Vic’s elder brother Bob was in the Army from the very beginning. He had not long been married, and had left the family home in Coleshill, taking a flat at Hazlemere. He was drafted to France just as the Germans were sweeping across towards the Channel.

Bob’s unit had retreated across France until they came to St Malo, hoping to find a ship. But the port was closed and the last ship had gone. A small group of them laid up in a wood close to the town. The German soldiers were so close that their Sergeant told them not even to breathe. They decided that their best chance was to split up and make towards Brest in the hope that there might be a ship from there.

Bob walked west for five days non-stop, and at last came near to Brest. He met a Military Policeman on the road, who said “Keep going lad. It’s only half a mile now, and Jerry’s very close.” It was the last ship in port, and he got aboard just as it started to move.

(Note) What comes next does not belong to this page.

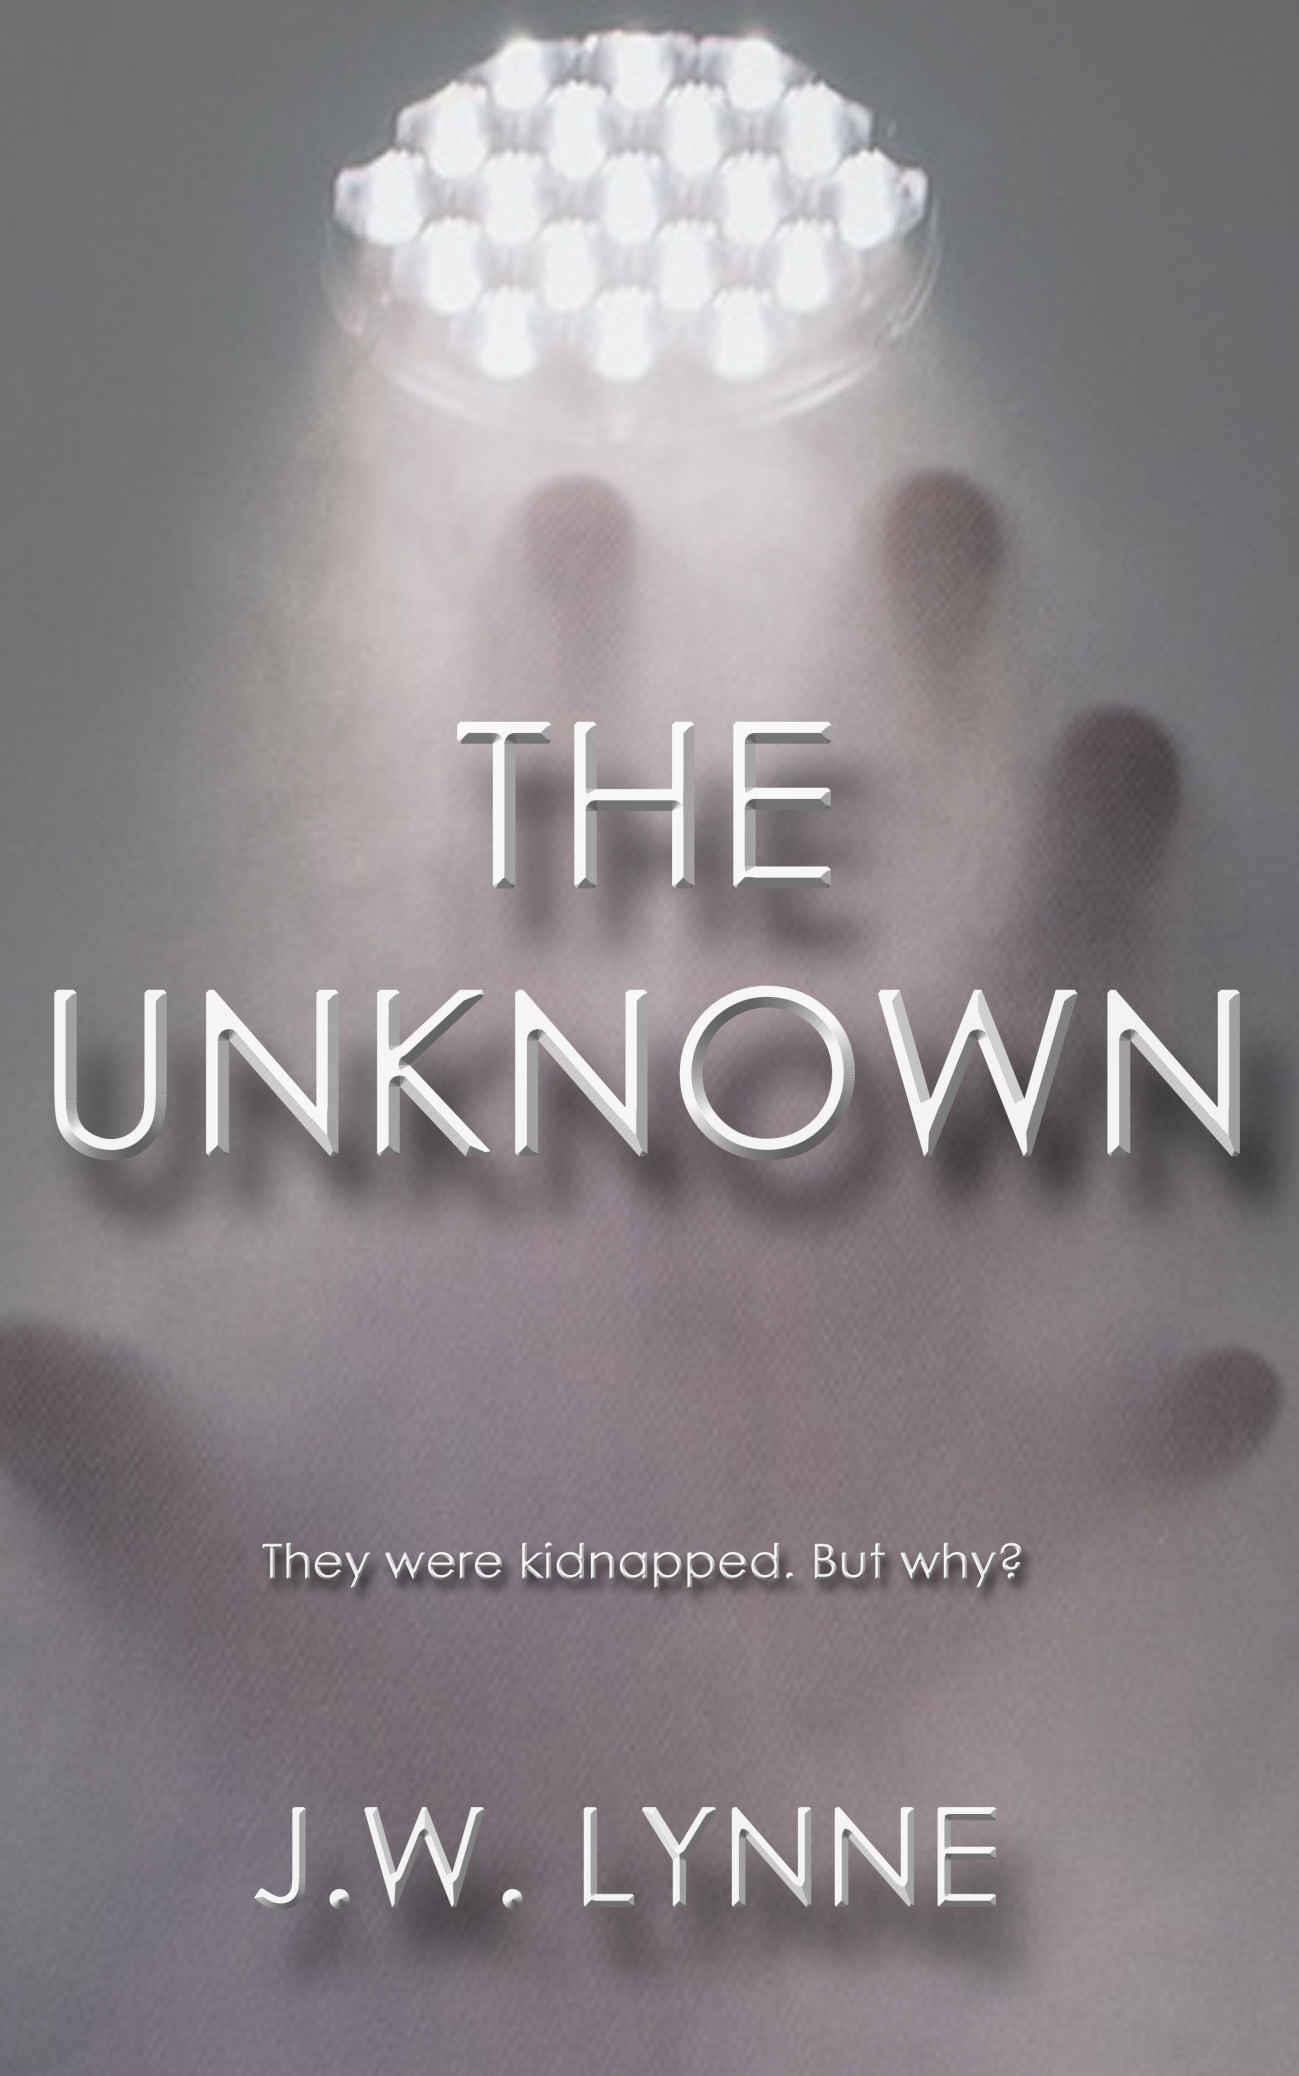 The Unknown by J.W. Lynne

Eventually he got back to England, and was immediately given a week’s leave. During the chaos in France his mother had been told that he was ‘Missing Presumed Dead’. There was no time for him to contact home en route, and soon he reached Amersham Station, and set out in the dark to walk to Hazlemere and his wife. He did not find her there, and uncertain what to do, he set off back towards Coleshill.

In Village Road Bob’s mother and a brother were standing in the dark looking over towards London, as they often did, watching the Blitz - the red glow of the fires, and the searchlights sweeping the night sky.
Suddenly Mrs Payne said “That’s Bob’s footsteps !”
“What do you mean, mother ?”
That’s Bob’s footsteps !” said very firmly. And of course it was.

When he asked where he could find his wife, he was told she had moved to Winchmore Hill. “I’d best be off then.” But he finally gave in at his mother’s “You’re not walking another step tonight, Bob. You’ll be staying here until the morning!”